الاثنين، 22 أغسطس 2011

Trains, Wagons and Space Shuttles !


The US standard railroad  gauge (distance  between the rails) is 4 feet, 8.5  inches.
That's an exceedingly odd  number. 

Why  was that gauge used?
Because that's the way they built them in England , and  English expatriates designed the   US    railroads.

Why  did the English build them like  that?
Because  the first rail lines were built by the  same people  who built the pre-railroad  tramways,
and  that's the gauge they  used.


Why  did 'they' use that gauge  then?
Because  the people who built the tramways used  the same jigs and tools that they had  used
for  building wagons, which used that wheel spacing.

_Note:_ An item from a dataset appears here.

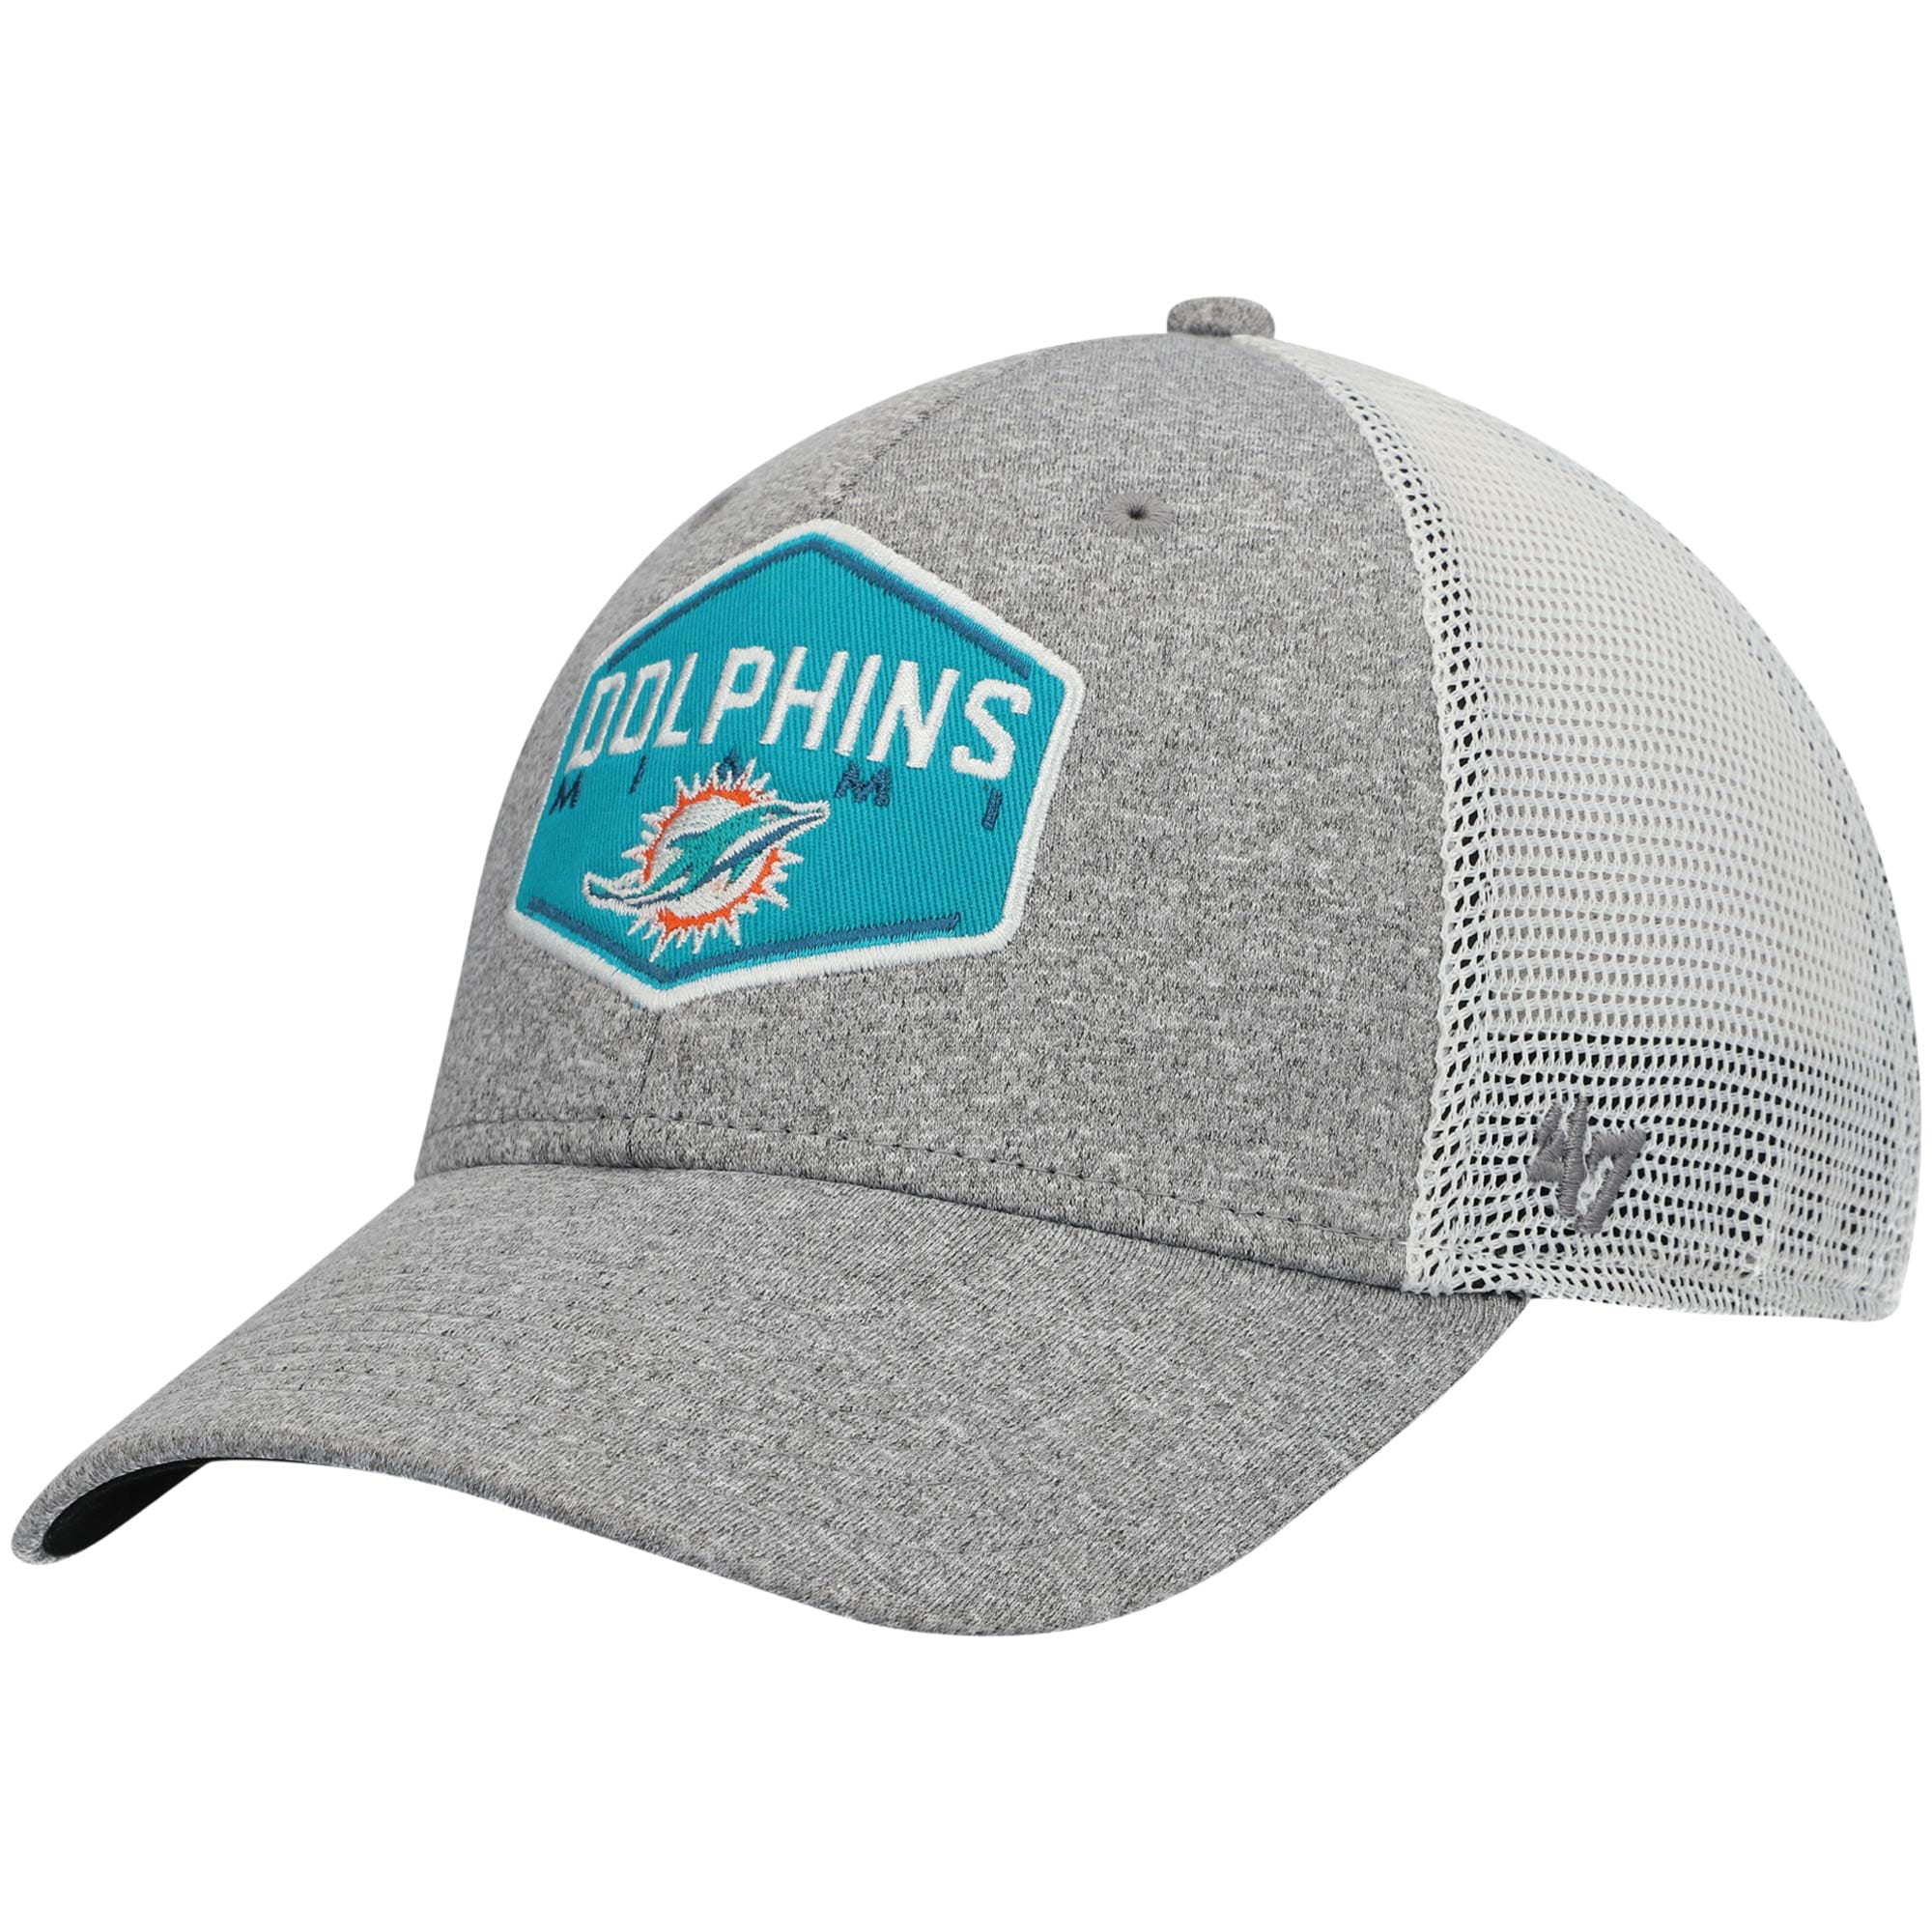 Baseball Cap Texture Flock Dolphins Under Water Adjustable Mesh Unisex Baseball Cap Trucker Hat Fits Men Women Hat

Why  did the wagons have that  particular odd  wheel spacing?
Well, if they tried to  use any  other spacing, the wagon wheels would  break on  some of the old, long distance roads in England , because  that's the spacing of the wheel  ruts.


So  who built those old rutted  roads?
Imperial    Rome built the first long distance  roads in  Europe (including   England ) for  their legions. Those  roads have been used ever since.


And  the ruts in the roads?  Roman war  chariots formed  the initial ruts, which everyone  else had  to match for fear of  destroying their  wagon wheels.

Since  the chariots were made for Imperial Rome, they  were all alike in the matter of wheel  spacing.  Therefore  the United States standard railroad  gauge of  4 feet, 8.5 inches is derived from the original specifications  for an Imperial Roman war chariot.



Bureaucracies  live forever.

So  the next time you are handed  a specification/procedure/process  and wonder 'What  horse's ass came up with  this?' you  may be exactly right. Imperial  Roman army  chariots were made just wide  enough to  accommodate the rear ends  of two  war horses. 
Now,  the twist to the  story
When  you see a Space Shuttle sitting on  its launch pad, there are two big booster rockets attached to the sides of  the main  fuel tank.   These are solid  rocket boosters, or SRBs, which are made by Thiokol at their factory in Utah.


The  engineers who designed the  SRBs would  have preferred to make them a bit  fatter, but  the SRBs had to be shipped by  train from  the factory to the launch  site. The  railroad line from the  factory happens  to run through a tunnel in  the mountains,  and the SRBs had to fit  through that  tunnel.  The tunnel is slightly wider  than the  railroad track, and the railroad  track, as  you now know, is about as  wide as  two horses' behinds.
So,  a major Space Shuttle design  feature of  what is arguably the world's  most advanced  transportation system was  determined over 2,000 years  ago by  the width of a horse's  ass. And  you thought being a horse's  ass wasn't  important?
Horse's  asses control just about  everything!!